Diamo campo a P.P.P.

Fra i tanti omaggi che, nel quarantennale della morte, il teatro italiano ha tributato a Pasolini, uno dei più affettuosi mi è parso senza dubbio Pier Paolo!, un evento ideato da Giorgio Barberio Corsetti che consiste in una partita di calcio dedicata alla memoria del poeta friulano. Pasolini, come si sa, era una valente ala destra e un appassionato osservatore del mondo del pallone. Ricordarlo sull’erba di un terreno di gioco, nel luogo di quella che era, secondo lui, «l’ultima sacra rappresentazione del nostro tempo», è stata una buona idea, insolita e divertente ma per nulla occasionale.

Pier Paolo! era stato presentato in forma di laboratorio nel 2014 a Rieti, poi mesi fa nel quartiere romano di Pietralata, e lo scorso luglio sul campetto nel parco dell’ex-ospedale psichiatrico Paolo Pini di Milano, per la rassegna “Da vicino nessuno è normale”. In un vero incontro calcistico si affrontavano due squadre, una formata da rappresentanti dell’associazione Olinda, che organizza la rassegna, l’altra da ragazzi di colore entrati da poco in Italia e iscritti all’Asnada, una scuola per immigrati. Gli sviluppi del gioco si intrecciavano con gli interventi dei numerosi attori coinvolti.

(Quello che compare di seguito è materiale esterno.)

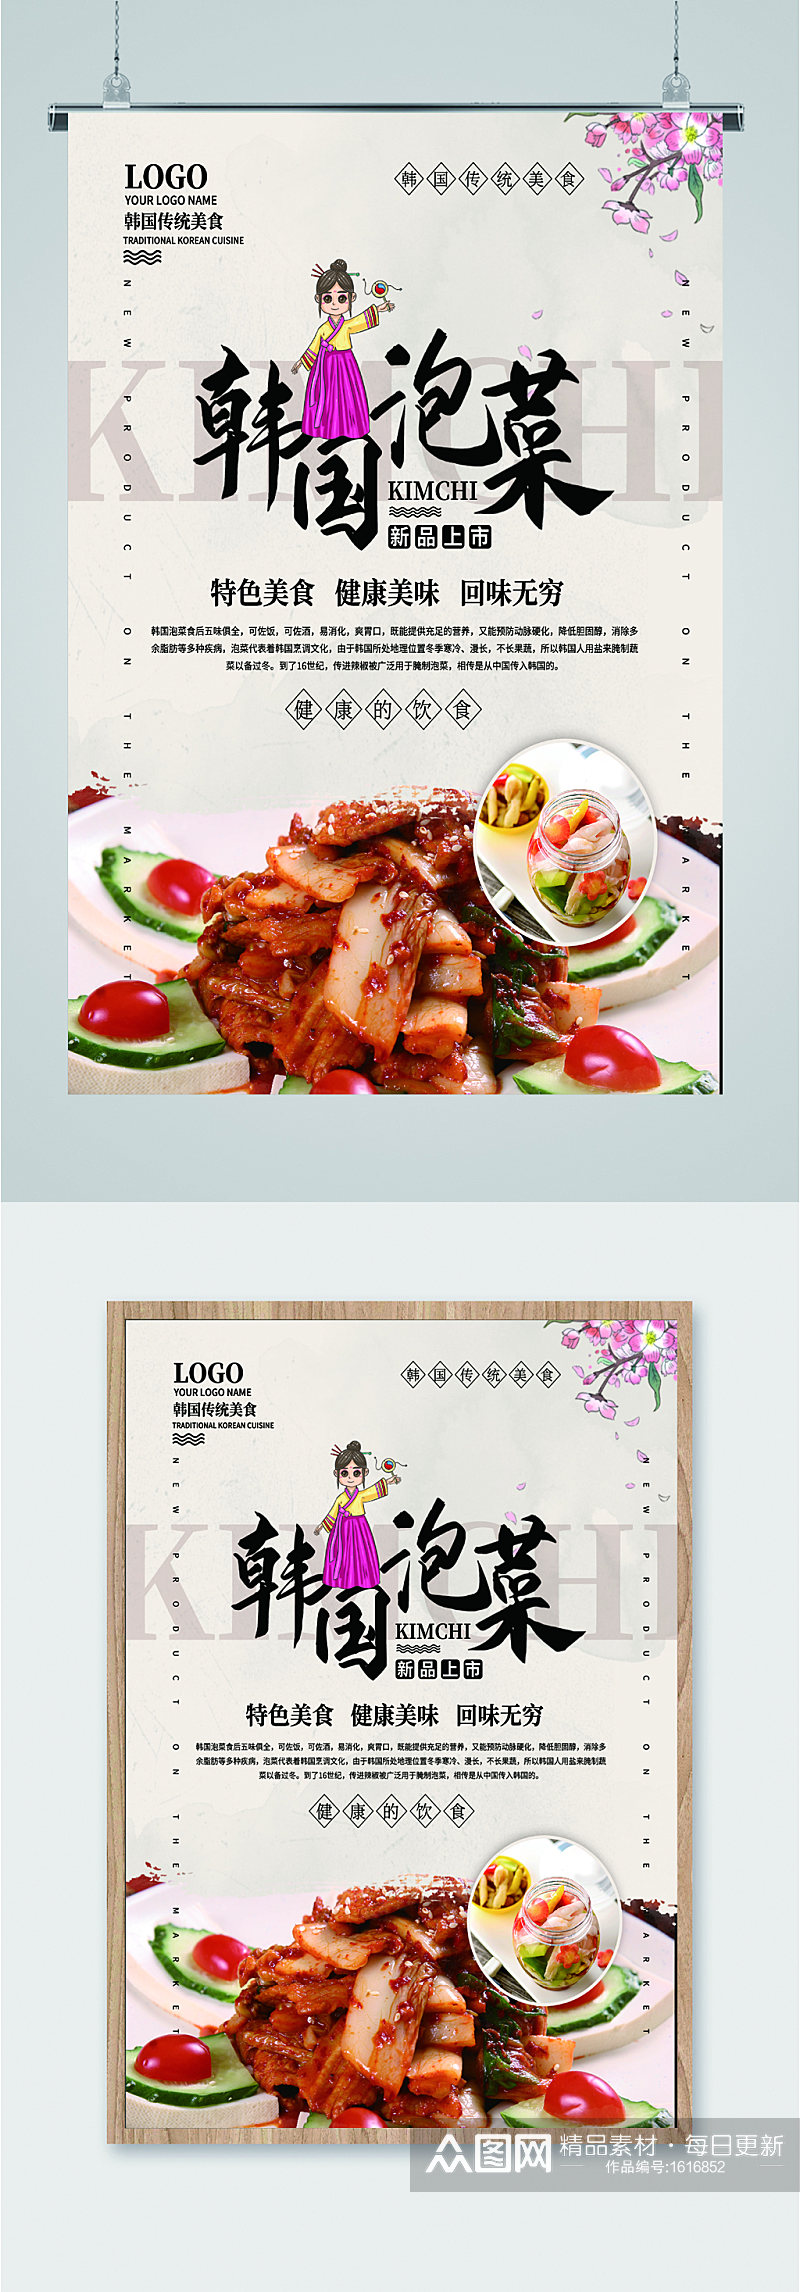 韩国泡菜特色美味宣传海报素材
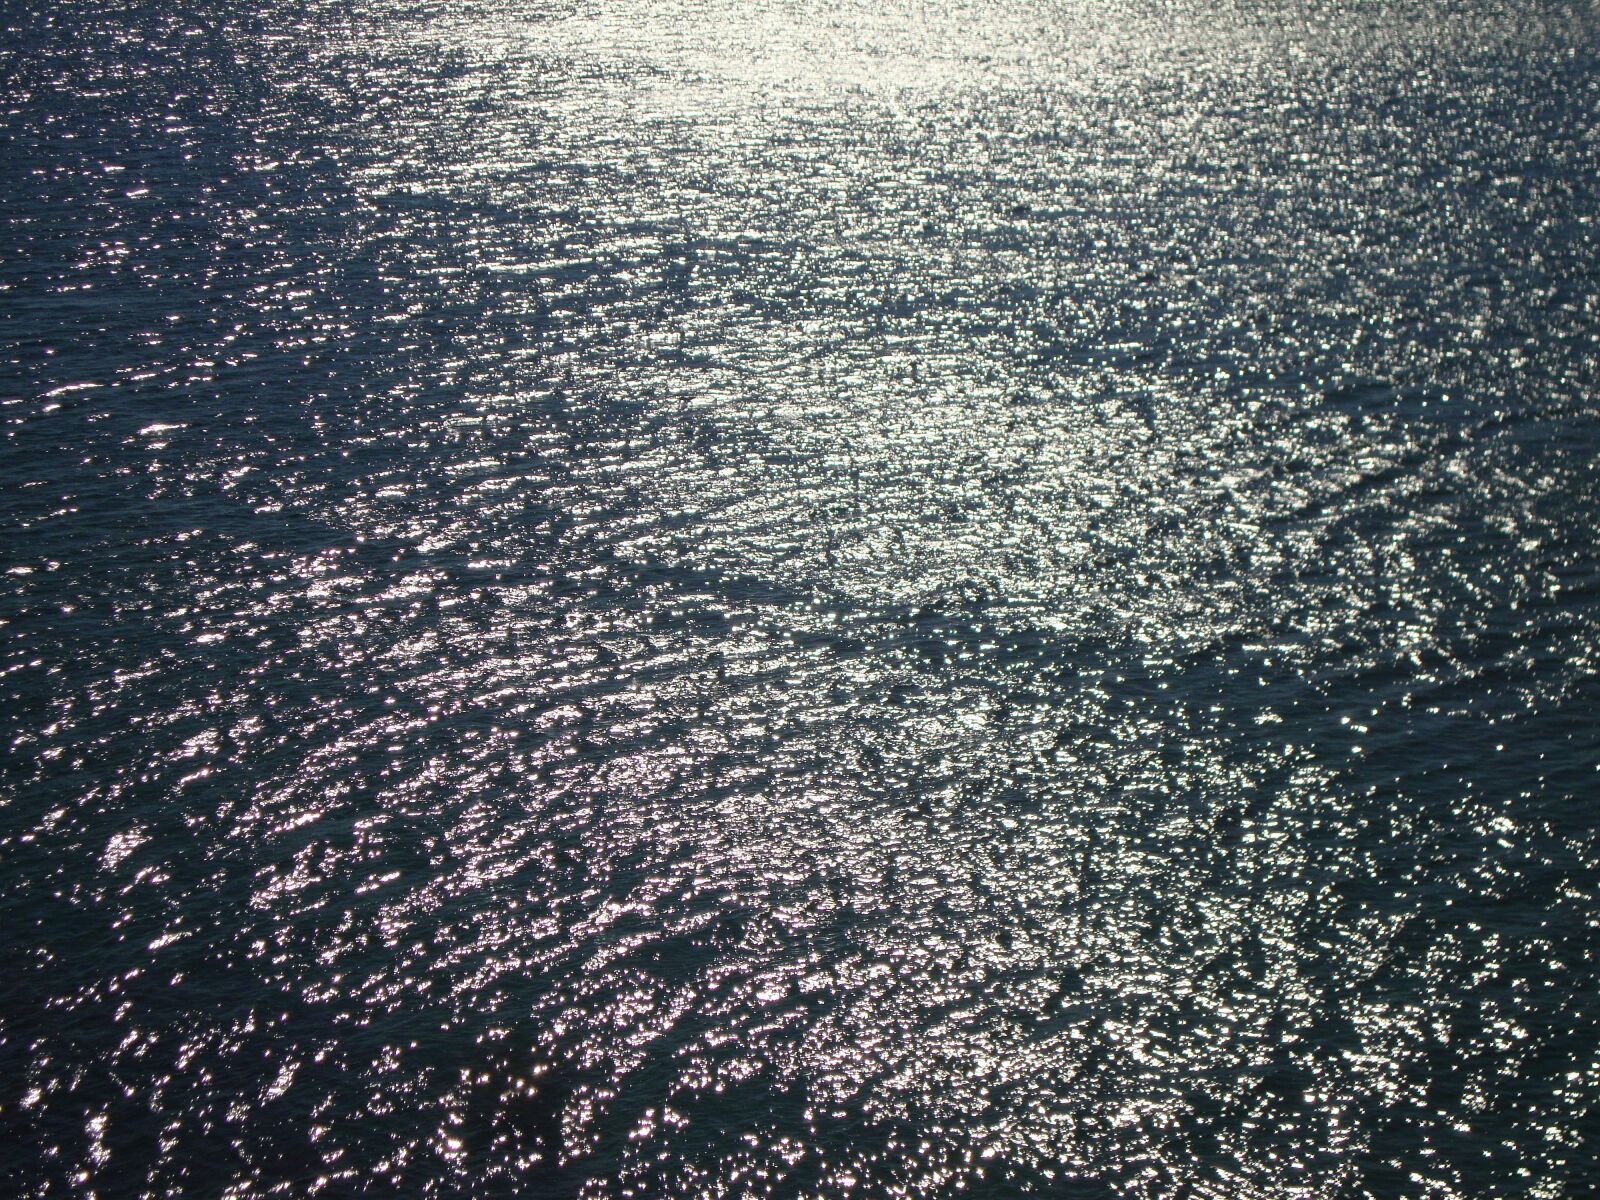 Sony Cyber-shot DSC-W220 sample photo. Sea, sun, reflection photography

Su quell’improvvisato palcoscenico erboso - le voci amplificate, le immagini proiettate in diretta su grande schermo - irrompeva dunque una serie di figure più o meno tipiche dell’immaginario pasoliniano: al centro di tutto lo scrittore stesso, incarnato da Gabriele Portoghese, dava voce a quel suo ragionare pacatamente puntiglioso, sempre dal tono vagamente saggistico, sui grandi temi nazionali degli anni Settanta, la perdita delle identità sociali, l’omologazione consumistica. Alcuni spunti apparivano datati, altri – come la percezione dei fenomeni migratori – di una sconcertante attualità.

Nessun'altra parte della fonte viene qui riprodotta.